Появление мага в Пупе не слишком беспокоило Триена. Чтобы взломать защиту шаманских владений, таких Фейольдов требовался десяток. И то они смогли бы пробить брешь и зайти в дом только недели через две беспрерывной работы и при условии, что сам шаман все это время благодушно бездействовал и никак не усиливал охранные чары.
Санхи, прославившаяся не столько лекарским даром, сколько мастерством проклинателя, очень высоко ценила безопасность. В воспоминаниях шаманки Триен видел не одно нападение на нее. Она часто проклинала на болезни, несчастные случаи и даже смерть, а заклинания такого рода оставляли достаточно выраженный след, по которому несложно отследить мага. Люди пытались мстить Санхи, но лишь раз смогли ранить шаманку. И то легко. В самом начале ее пути.
За многие-многие годы жизни она превратила свое жилище в неприступную крепость, в которую не могли проникнуть без разрешения ни живые, ни мертвые. Разработала множество амулетов, защищавших не только от магии, но и от обыкновенного оружия. Клинки раскалывались в руках нападавших, стрелы расщеплялись в полете, так и не долетев до цели. Действовали они на шаманской земле и в ближайших деревнях, но большего и не требовалось. Санхи покидала свои владения редко, только для того, что бы привести в дом нового ученика.
Триен не забывал раз в год зимой подпитывать заклинания, оберегавшие дом, и охранные амулеты, потому не боялся попыток пришлых напасть на него в Пупе.
Но эта защита была не единственной, созданной Санхи. Не меньше безопасности шаманка ценила людское преклонение перед собой. Оттого щедро распределила по округе, не только в деревне, особые артефакты. Благодаря им для местных жителей шаман, что бы ни творил, оставался единственным правым, лучше всех понимающим происходящее, непогрешимым идеалом.

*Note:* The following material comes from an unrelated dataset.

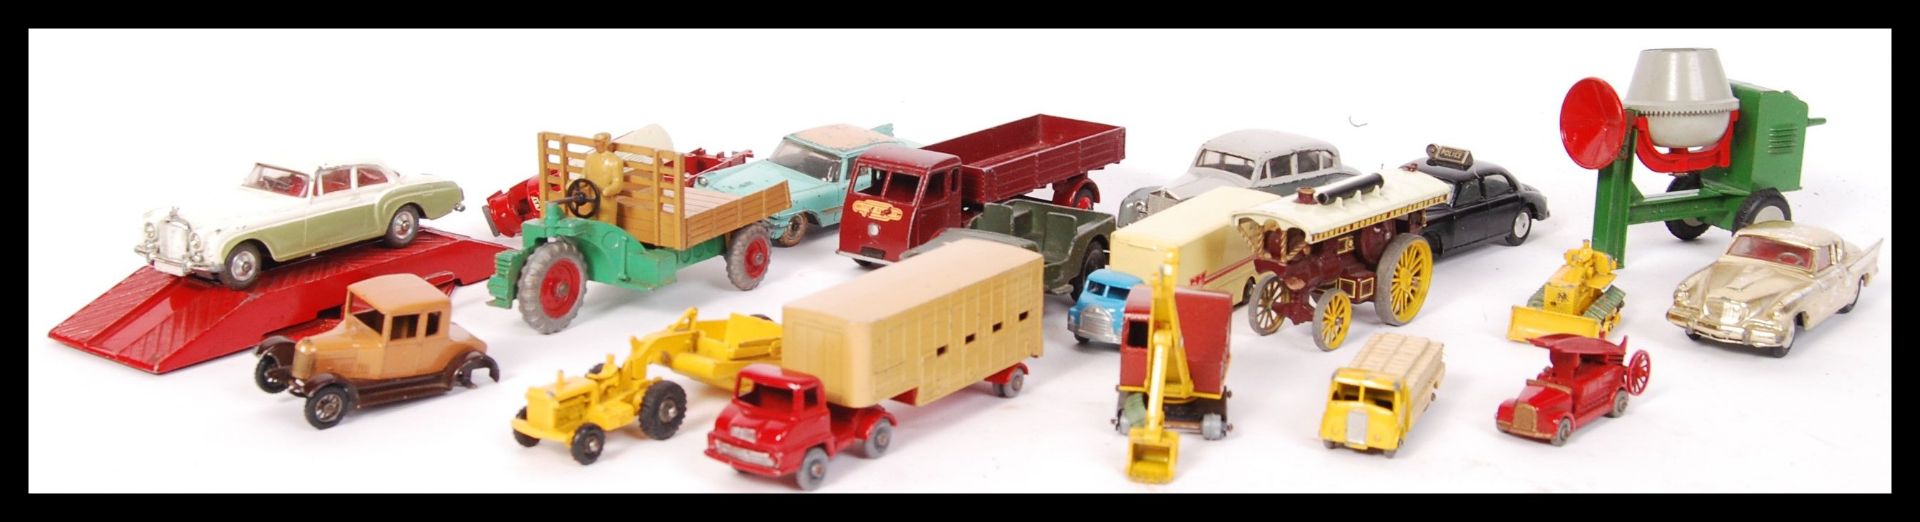 ASSORTED SCALE DIECAST MODEL MATCHBOX LESNEY, DINKY AND CORGI

В эпоху человеческих жертвоприношений такое воздействие на умы людей еще было как-то объяснимо, хоть Триен и считал это диким. Но последние четыре перерождения для Санхи существовал лишь один мотив: безнаказанность. Шаманка кичилась ею. Делала, что хотела и как хотела, наслаждалась тем, что ее превозносят окружающие, и думать забывала о том, что это подобострастное раболепие перед шаманкой не искреннее, а навязанное.
После ее смерти Триен, убежденный, что уважение нужно зарабатывать, а не внушать, почти полностью подавил артефакты в Пупе. Убрать их молодой шаман не мог — Санхи, болезненно жаждавшая почитания, зачаровала в свое время камни в кладке домов и колодцев, накладывала заклинания на молодые деревца.
Теперь же подспудная и нерушимая убежденность деревенских в том, что шаман всегда прав, Триену пригодилась. Чары артефактов должны были противодействовать внушению Фейольда, а в том, что пришлый маг попытается настроить жителей Пупа против шамана и его гостьи, сомнений не возникало. Слишком напорист был разбойник, издевавшийся над девушкой.
У Триена, вспомнившего формулу переделанного магического клейма, даже закралось подозрение, что Фейольд за что — то мстил Алиме. Больно уж извращенными были его чары. Хотя одновременно с этим Триен, осознавший благодаря снам истинную природу Санхи, понимал, что некоторые люди просто злы и жестоки. Особенно с теми, кто слабей их. И для жестокости нет особой причины.
Деревня встретила скандалом и дракой. Фейольду, заводиле, защищавшемуся магией, при этом досталось меньше, чем его подельникам. Οдин двух зубов лишился, другому плечо из сустава выбили. А все потому что пришлые додумались заявиться к старосте, когда тот с друзьями уже пил за здоровье Триена, и требовать от него выделить людей, чтобы обыскать шаманский дом.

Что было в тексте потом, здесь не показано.